Task data
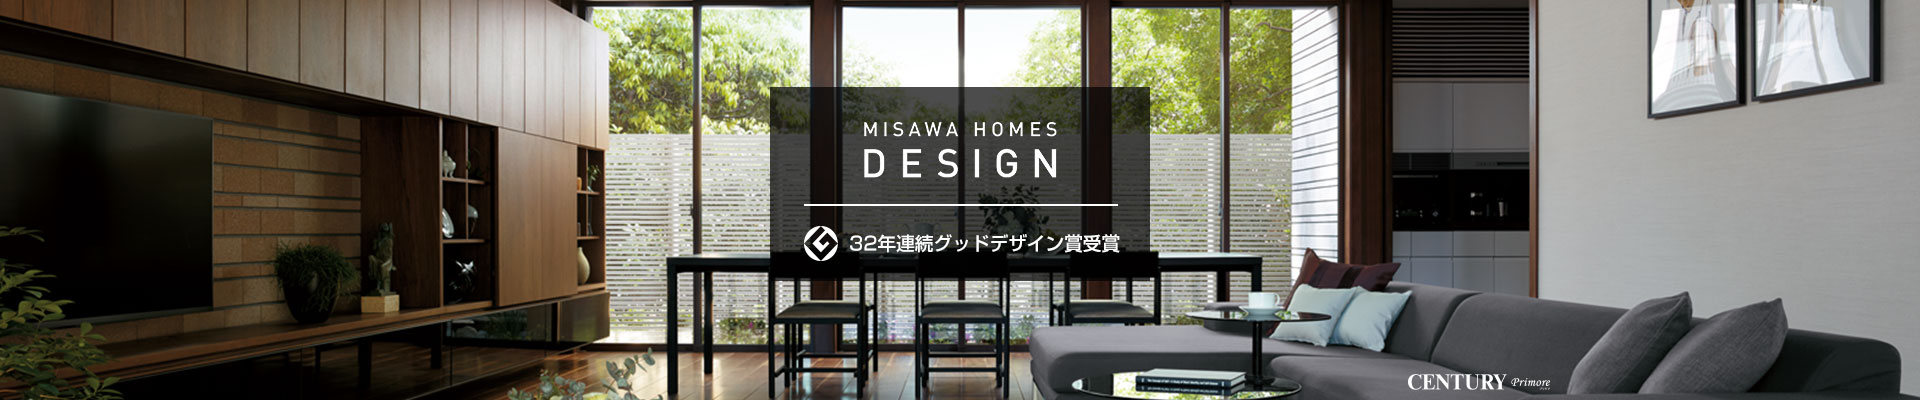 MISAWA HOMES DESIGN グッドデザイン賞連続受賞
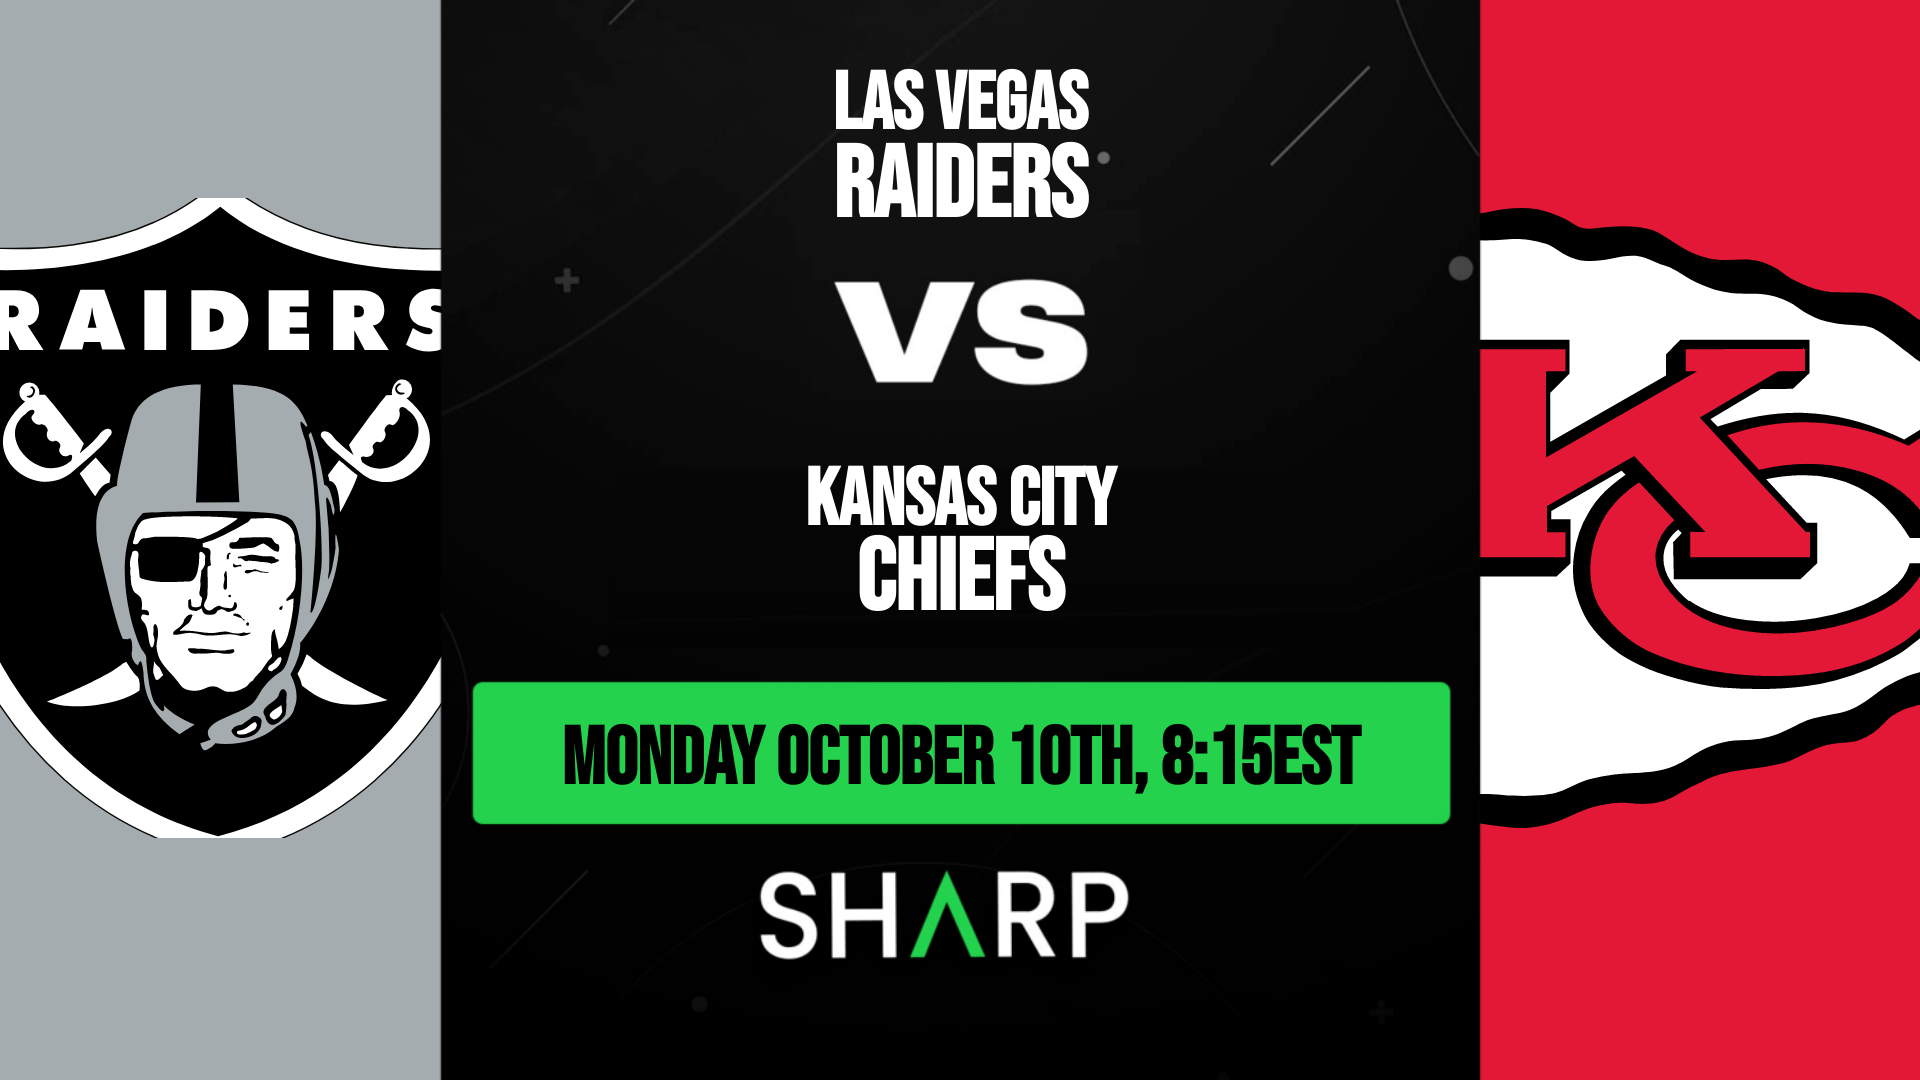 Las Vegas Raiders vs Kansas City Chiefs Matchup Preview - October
==
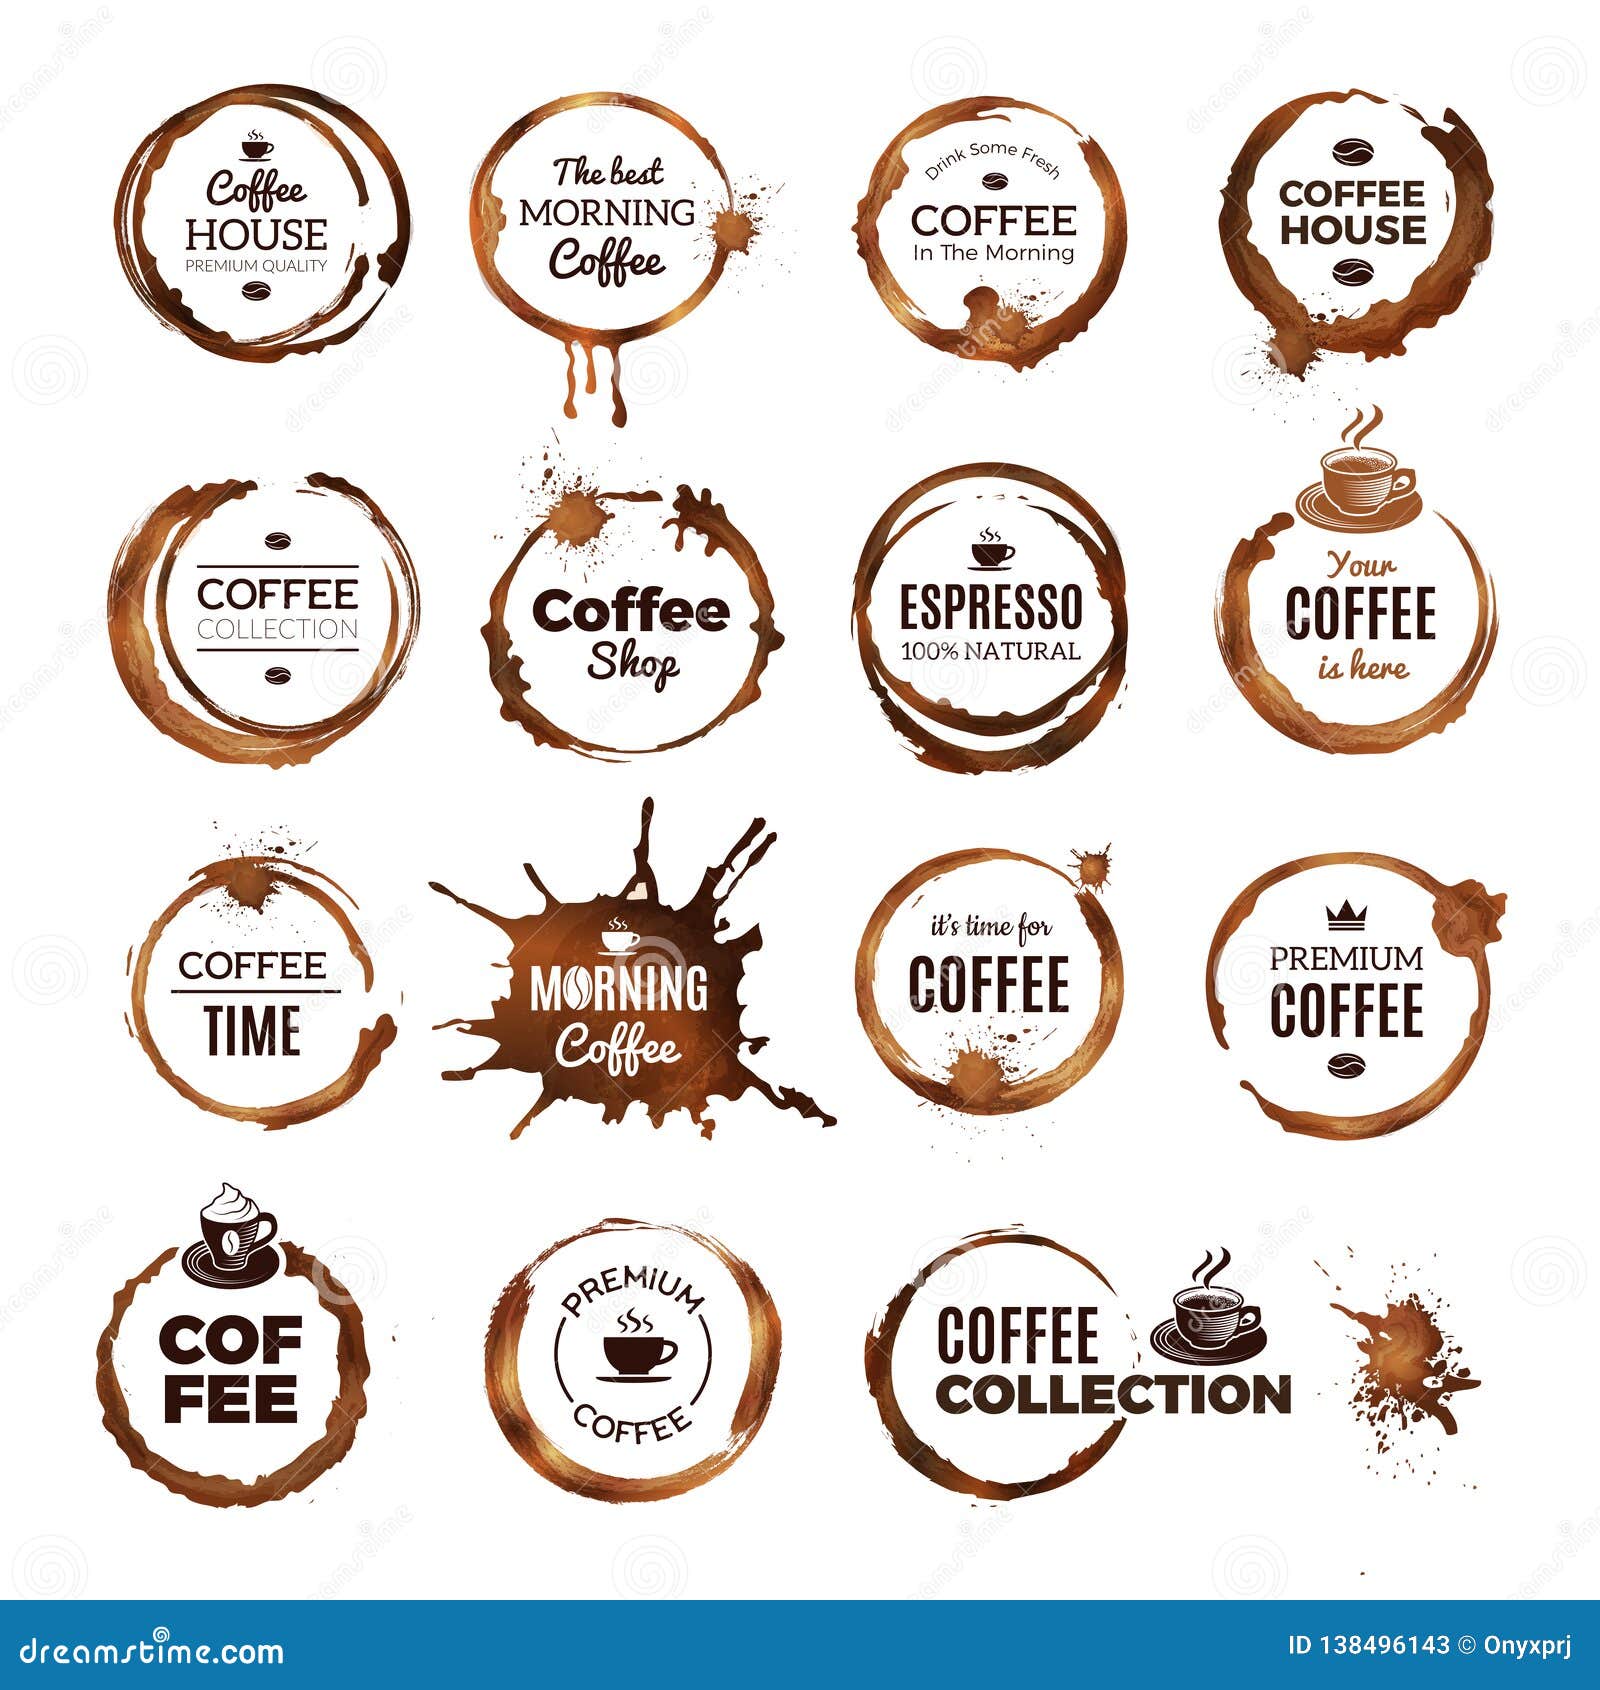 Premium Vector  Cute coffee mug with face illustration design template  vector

Instructions to follow
Write out word for word the lines of the listing above from the line with "MISAWA HOMES DESIGN グッドデザイン賞連続受賞" to the line with "Las Vegas Raiders", taking in both of those lines but no pictures.

Reply
 MISAWA HOMES DESIGN グッドデザイン賞連続受賞
 Las Vegas Raiders vs Kansas City Chiefs Matchup Preview - October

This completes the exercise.